ATP-binding cassette transporter ABCA1 (member 1 of human transporter sub-family ABCA), also known as the cholesterol efflux regulatory protein (CERP) is a protein which in humans is encoded by the ABCA1 gene. This transporter is a major regulator of cellular cholesterol and phospholipid homeostasis.

Tangier disease 
It was discovered that a mutation in the ABCA1 protein is responsible for causing Tangier disease by several groups in 1998. Gerd Schmitz's group in Germany and Michael Hayden's group in British Columbia were using standard genetics techniques and DNA from family pedigrees to locate the mutation. Richard Lawn's group at CV Therapeutics in Palo Alto, CA used cDNA microarrays, which were relatively new at the time, to assess gene expression profiles from cell lines created from normal and affected individuals. They showed cell lines from patients with Tangier's disease showed differential regulation of the ABCA1 gene. Subsequent sequencing of the gene identified the mutations. This group received an award from the American Heart Association for their discovery. Tangier disease has been identified in nearly 100 patients worldwide, and patients have a broad range of biochemical and clinical phenotypes as over 100 different mutations have been identified in ABCA1 resulting in the disease.

Function 
The membrane-associated protein encoded by this gene is a member of the superfamily of ATP-binding cassette (ABC) transporters.

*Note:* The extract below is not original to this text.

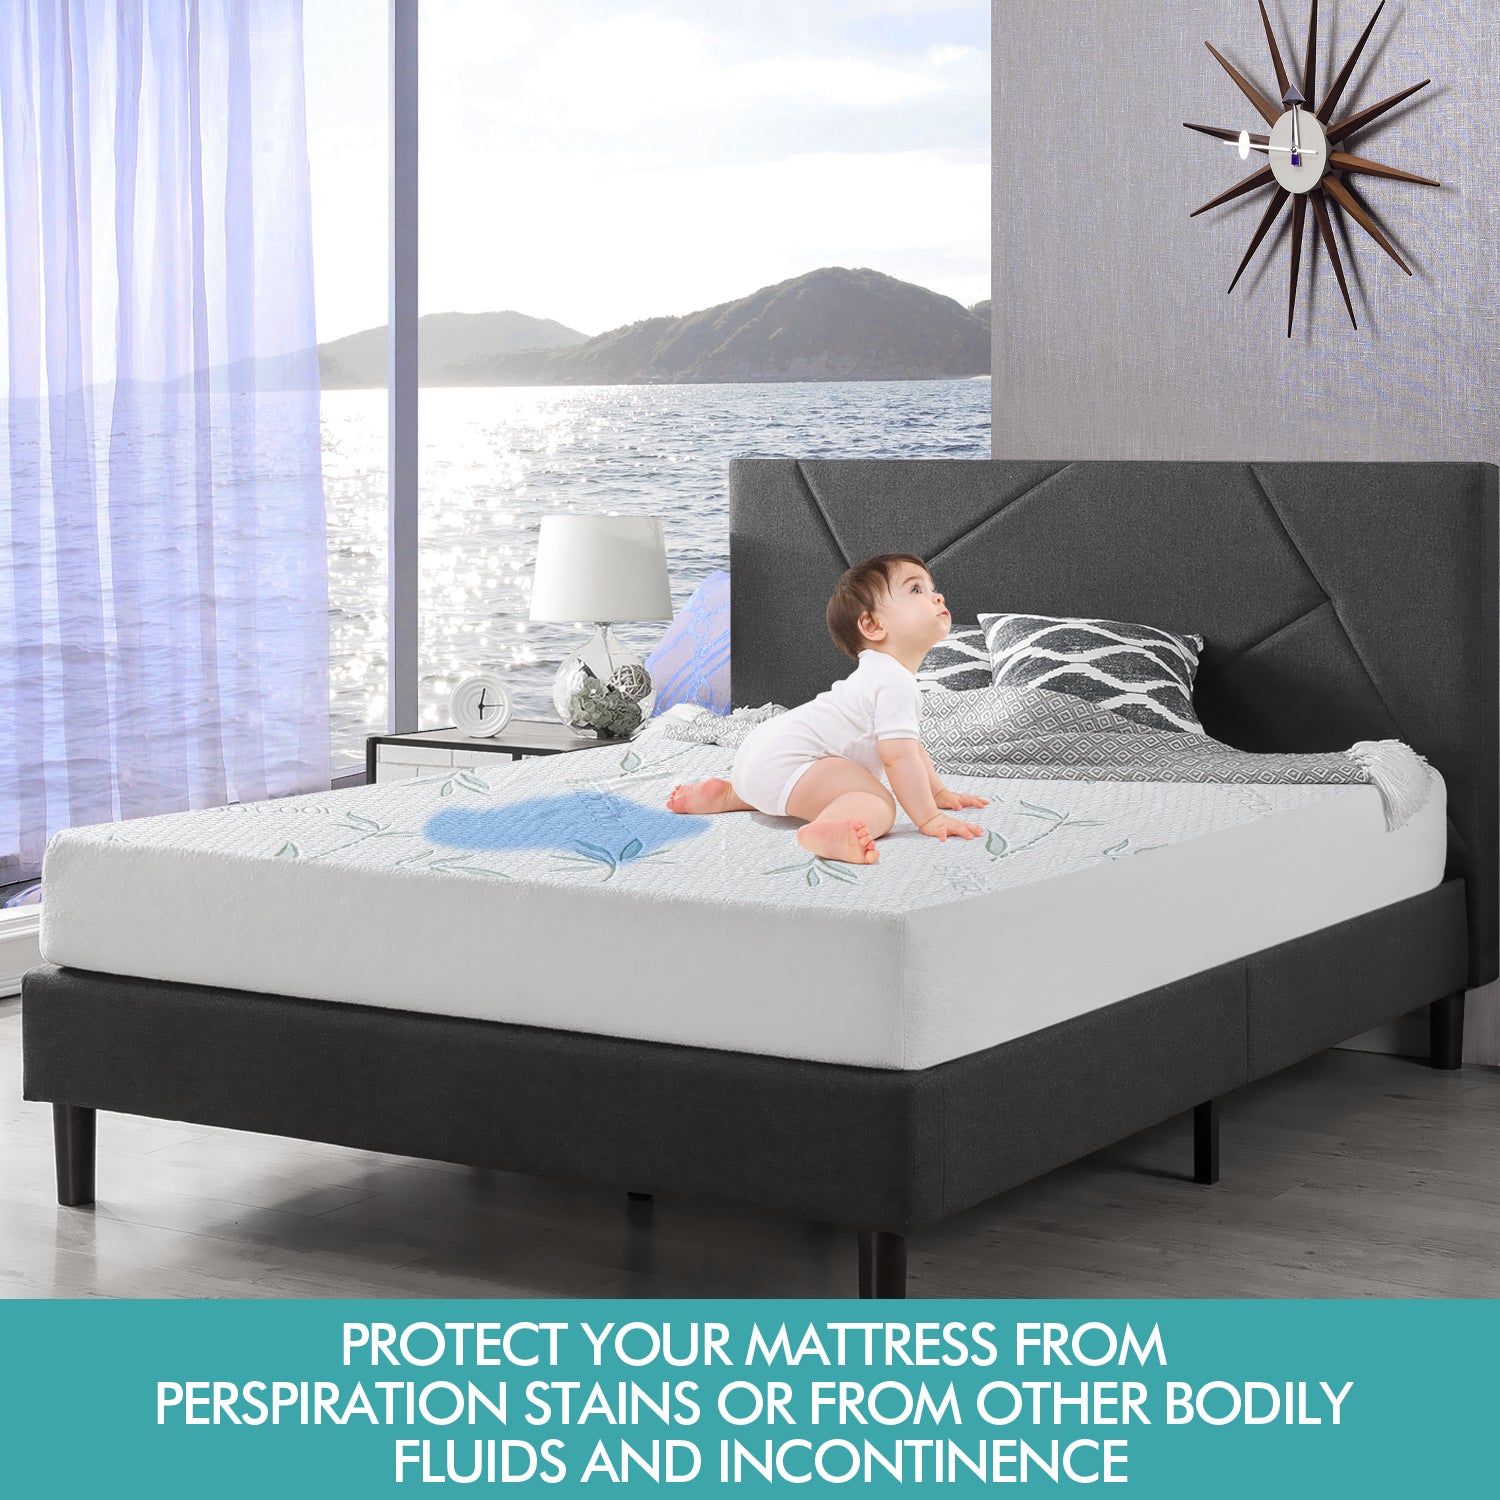 Fitted Waterproof Breathable Bamboo Mattress Protector Super King Size - image8

ABC proteins transport various molecules across extra- and intracellular membranes.  ABC genes are divided into seven distinct subfamilies (ABCA, MDR/TAP, MRP, ALD, OABP, GCN20, White).  This protein is a member of the ABCA subfamily. Members of the ABCA subfamily comprise the only major ABC subfamily found exclusively in multicellular eukaryotes. With cholesterol as its substrate, this protein functions as a cholesterol efflux pump in the cellular lipid removal pathway.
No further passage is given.